Nie wiem jak to się stało, ale wydaje mi się że wczoraj tam wyczytałem że samo jeżdżenie na paliwie bez innych zabiegów miało oszczędzić 1 litr na 50 litrów. Podejrzewam że zdjęli tę informację ze strony.
RalfPi napisał/a:
Wszyscy mówią, że z tym Shellem to ściema, ale jednak część z Nas żeby chociaż sprawdzić jedzie na Shell i tankuje. Ja w życiu może z 15 razy na Shellu tankowałem - bez szału, a najlepiej chodził mi na paliwie(gazie) z Bobryka! :)
Ja raz w życiu pojechałem po VPower, a że mam 5km to moja noga więcej tam nie stanęła. Dodatkowo może jeszcze raz albo dwa razy w trasie, to tylko z lenistwa bo nie chciało się szukać innej stacji.
mystek - 27-04-2012, 01:46

również nie zatankuję na Shellu tego niby wynalazku, bo również jestem zdania, że to zmiana nazwy produktu jedynie. Łykacie to, że nagle stała się mini rewolucja w rafineriach Shella i zmienili jakieś wzory chemiczne czy coś z dbałością o klienta? Dzisiejsze czasy są takie, że liczy się tylko kasa.

Idziesz do marketu i masz na jednej półce dżem za 8zł i dżem za 3zł. Ten sam producent tylko opakowanie inne.

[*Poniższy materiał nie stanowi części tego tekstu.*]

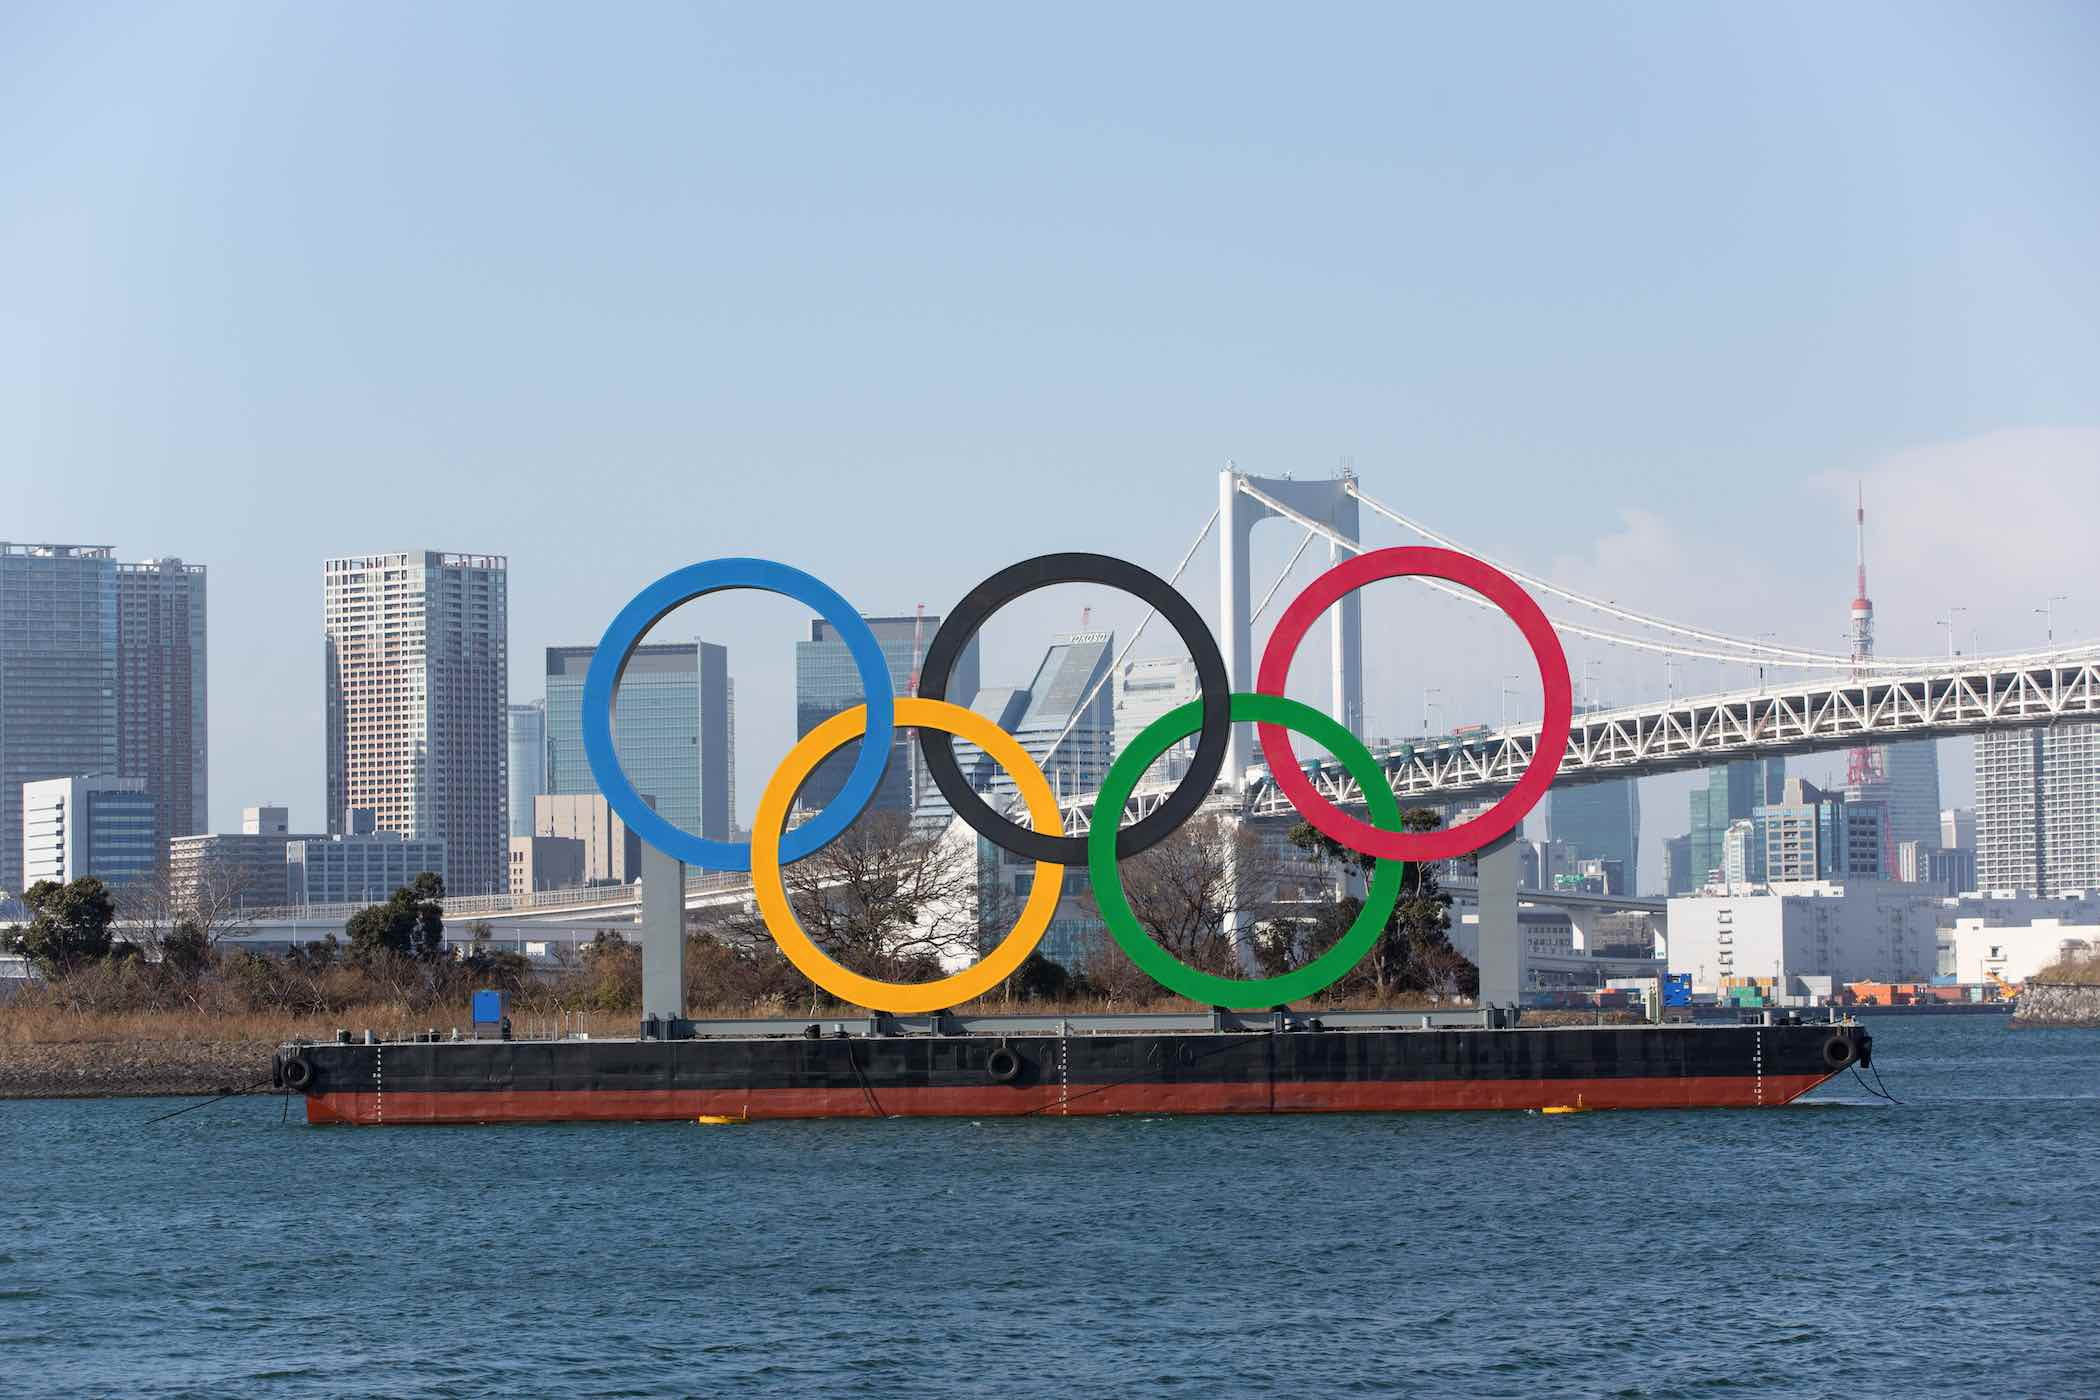 Barco carregando grandes anéis olímpicos, simbolos dos Jogos Olímpicos navega por rio com prédios de Tóquio ao fundo.

Czytałem kiedyś artykuł o winiarstwie i była jakiś producent wina, który produkował wino w cenie tam powiedzmy 7-12zł. Oczywiście klient widzący na półce w sklepie takie wino nie kupował tego, bo "wiedział", że za 7zł to to na pewno będzie "siara". Wino się nie sprzedawało, więc producent zrobił myk i zmienił opakowanie na butelce na bardziej "premium" i puścił to samo wino do sklepów w cenie 20-30zł. Sprzedaż wzrosła, bo to już taka średnia półka cen, więc klient wie, że sikacz to to nie jest, bo za drogi :mrgreen:

Wracając do tematu - leję tam, gdzie najtaniej, a najczęściej na prywatnej stacji Miejskiego Przedsiębiorstwa Oczyszczania w Krakowie, bo leją tam paliwo Orlenowskie, z tym, że na tej stacji kupisz paliwo za powiedzmy 5,80zł a na stacji Orlenu musisz dać przykładowo 5,98zł

maniax86 - 27-04-2012, 07:53

raz z musu zatankowałem na shellu to niby ich lepsze paliwo... i sorry ale więcej tam nie zatankuje.... bo przepłaciłem za paliwo i żadnych korzyści z tego nie miałem :P
Arktic - 27-04-2012, 09:11

To i ja dorzucę swoją opinię nt. shella, tankuję na tej stacji swoje drugie auto moi znajomi też to robią i jeśli chodzi o jakość paliwa,obsługę i cenę(porównując ją do innych stacji w Białymstoku) to muszę powiedzieć ,że nie wiem czy w moim mieście jest jedyna w Polsce dobra stacja tego koncernu czy też może inne stacje typu Orlen,Statoil specjalnie podwyższają u mnie ceny ale nigdy nie miałem problemów z paliwem z tej stacji(czego nie mogę powiedzieć o Orlenie) obsługa jest fajna nawet jak kilka razy zapomniałem portfela to pozwolili mi przyjechać za chwilę ;) a jeśli chodzi o ceny to ostatnio jadąc przez miasto zwróciłem uwagę na Orlen ponieważ mamy tam jakieś karty rabatowe(klubowe) i policzyłem ,że nawet jak bym tankował z najwyższą zniżką 6gr/l to i tak zapłacił bym więcej niż na shell-u więc jestem w wielkim szoku czytając wasze opinie :shock: 8)
elektryk - 27-04-2012, 10:57

Arktic napisał/a:
a jeśli chodzi o ceny to ostatnio jadąc przez miasto zwróciłem uwagę na Orlen ponieważ mamy tam jakieś karty rabatowe(klubowe) i policzyłem ,że nawet jak bym tankował z najwyższą zniżką 6gr/l to i tak zapłacił bym więcej niż na shell-u więc jestem w wielkim szoku czytając wasze opinie :shock: 8)
Ten rabat to jakiś żart, ja kupuję paliwo z reguły na ST1 (ostatnio chyba Statoil lub Neste wykupił stacje), bo mam pod domem, i cena jest przynajmniej 10gr niższa niż na innych stacjach z obsługą i 2-3gr mniej niż na innych automatycznych. Jedynie Tesco jak dawało kupon na -25gr to przebijało ją cenowo. W porównaniu z nimi Orlen czy Shell to bardzo drogie stacje.
gzesiolek - 27-04-2012, 11:02

Ja ze wzgledu na upust ktory ma zona tankuje od 3 lat na Shellu w 95% przypadkow...
Tez zero problemow...
Ale na 100% nie tankowalbym tam specjalnie dlatego ze to Shell, albo ze ma "wypasione" nowe paliwo...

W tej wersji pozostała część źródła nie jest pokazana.